Въ этотъ пріѣздъ Кольцова въ Петербургъ видѣлъ его на вечерѣ у Плетнева тогда еще только начинавшій литературную карьеру Тургеневъ, и вотъ что онъ разсказываетъ:
„…Въ комнатѣ находился еще одинъ человѣкъ, одѣтый въ длиннополый двухбортный сюртукъ, короткій жилетъ съ голубой бисерной часовой цѣпочкой и шейный платокъ съ бантомъ; онъ сидѣлъ въ уголку, скромно подобравъ ноги, и изрѣдка покашливалъ, торопливо поднося руку къ губамъ. Человѣкъ этотъ поглядывалъ кругомъ не безъ застѣнчивости, прислушивался внимательно; въ глазахъ его свѣтился умъ необыкновенный, но лицо у него было самое простое, русское… Это былъ Кольцовъ… Плетневъ сталъ было просить Кольцова прочесть свою послѣднюю „думу“ (чуть-ли не „Божій міръ“); но тотъ чрезвычайно сконфузился и принялъ такой растерянный видъ, что Петрь Александровичъ не настаивалъ“. Тургеневъ вышелъ съ Кольцовымъ отъ Плетнева вмѣстѣ и предложилъ довезти его до дому въ своихъ саняхъ. Кольцовъ согласился — „и всю дорогу покашливалъ и кутался въ свою худую шубенку“. Тургеневъ спросилъ, зачѣмъ онъ не хотѣлъ прочесть свою „думу“. — „Что же это я сталъ бы читать-съ“, отвѣчалъ онъ съ досадой, — „тутъ Александръ Сергѣевичъ только что вышелъ, а я бы читать сталъ! Помилуйте-съ!“ — Кольцовъ благоговѣлъ предъ Пушкинымъ“.

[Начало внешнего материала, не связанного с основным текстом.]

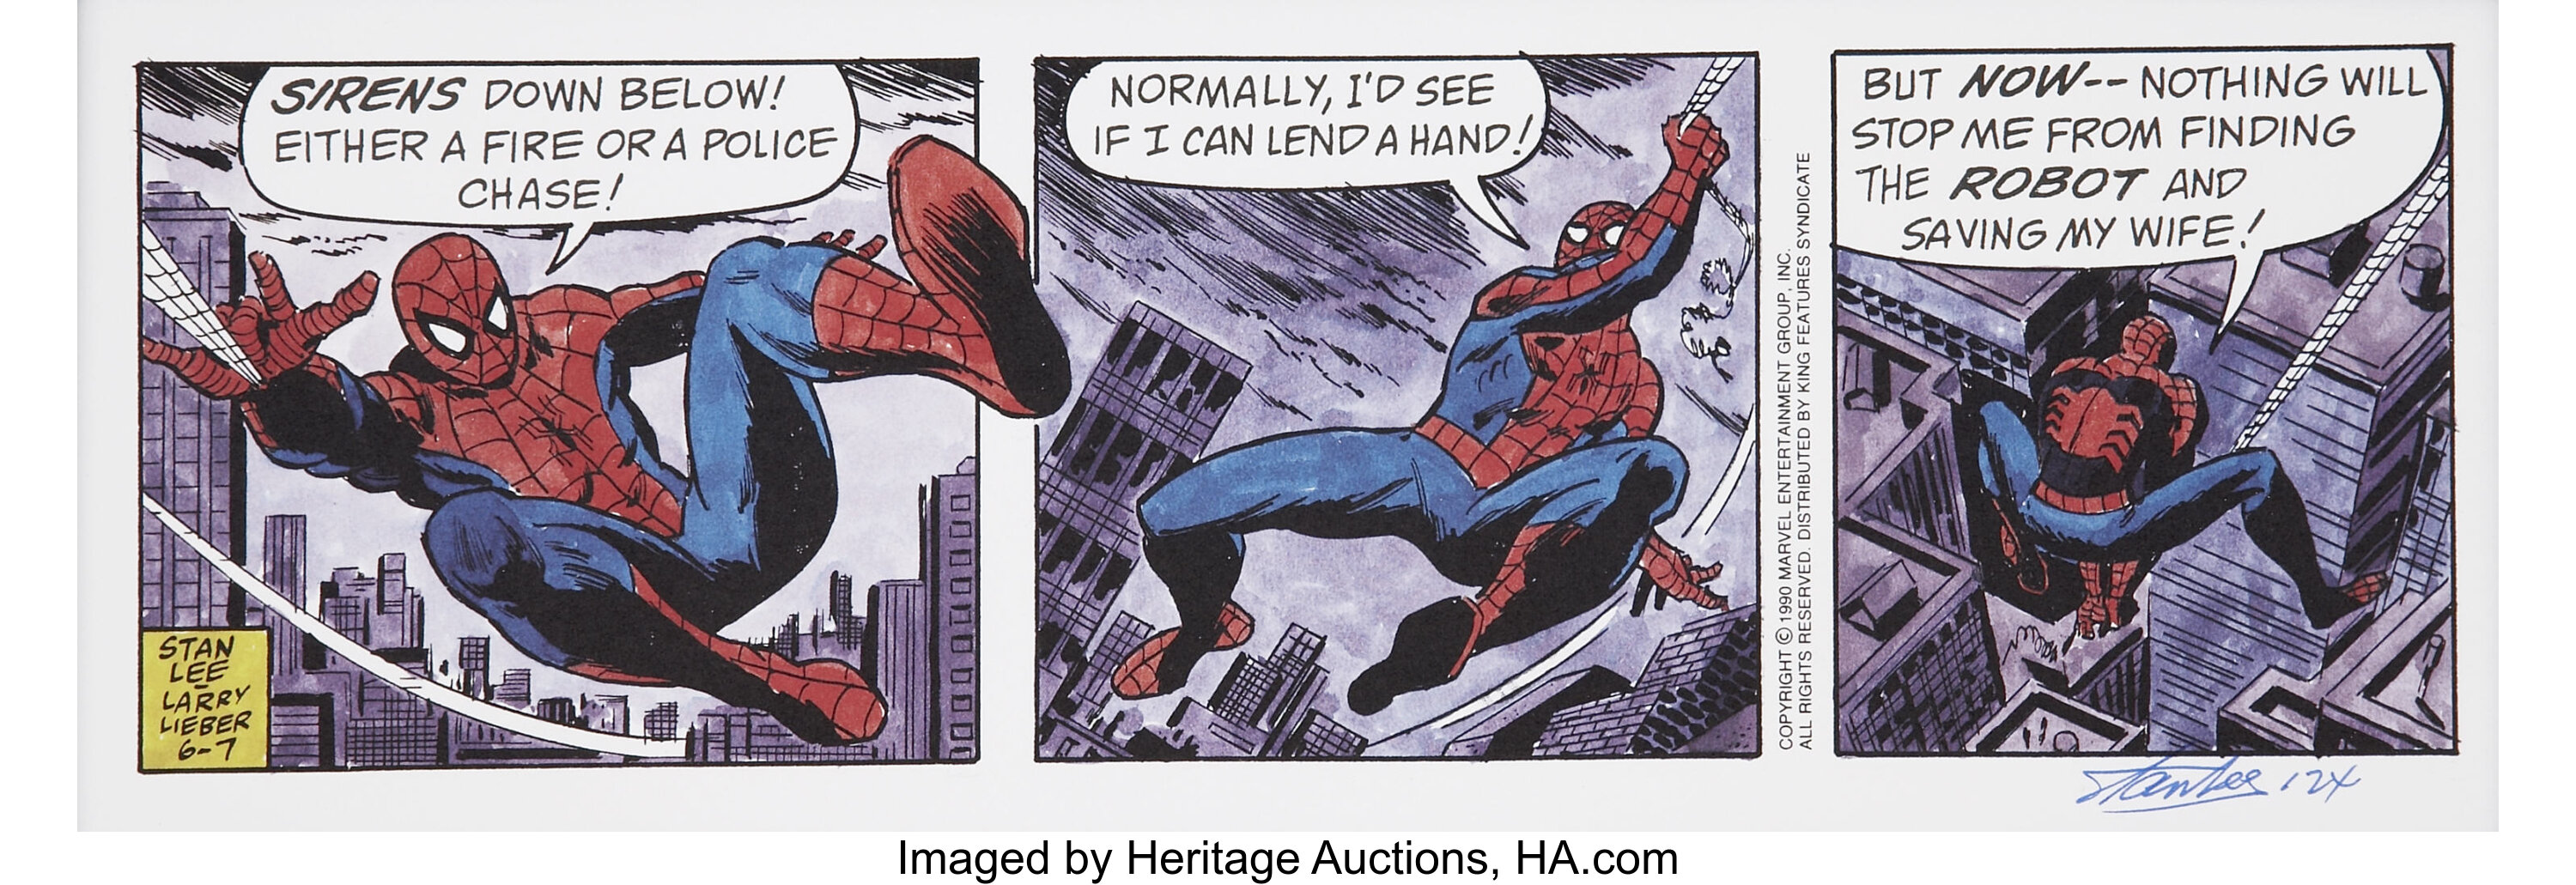 The Amazing Spider-Man Daily Comic Strip Print Signed by Stan Lee | Lot  #14605 | Heritage Auctions

Знакомства съ литературными знаменитостями, конечно, были пріятны Кольцову. „Когда онъ“, говоритъ Бѣлинскій, „освобождался отъ замѣшательства перваго представленія и сколько нибудь освоивался съ новымъ лицомъ, оно интересовало его. Говоря мало, глядя немного изъ подлобья, онъ все замѣчалъ, и едвали что ускользало отъ его проницательности, — что было ему тѣмъ легче, что каждый готовъ былъ видѣть въ немъ скорѣе замѣшательство и нелюдимость, нежели проницательность. Ему любопытно было видѣть себя въ кругу тѣхъ умныхъ людей, которые издалека казались ему существами высшаго рода; ему интересно было слышать ихъ умныя рѣчи. Много ли наслушался онъ ихъ, объ этомъ мы кое-что слышали отъ него впослѣдствіи“, замѣчаетъ Бѣлинскій въ заключеніе.
„Сперва онъ“, говоритъ далѣе знаменитый критикъ: „и здѣсь (въ Петербургѣ) больше все молчалъ и наблюдалъ, но потомъ, смекнувъ дѣломъ, давалъ волю своей ироніи… О, какъ бы удивились многіе изъ фельетонныхъ и стихотворныхъ рыцарей, если бы могли догадаться, что этотъ мужичокъ, которому они думали импонировать своею литературною важностью, видитъ ихъ насквозь и умѣетъ настоящимъ образомъ цѣнить ихъ таланты, образованность и ученость.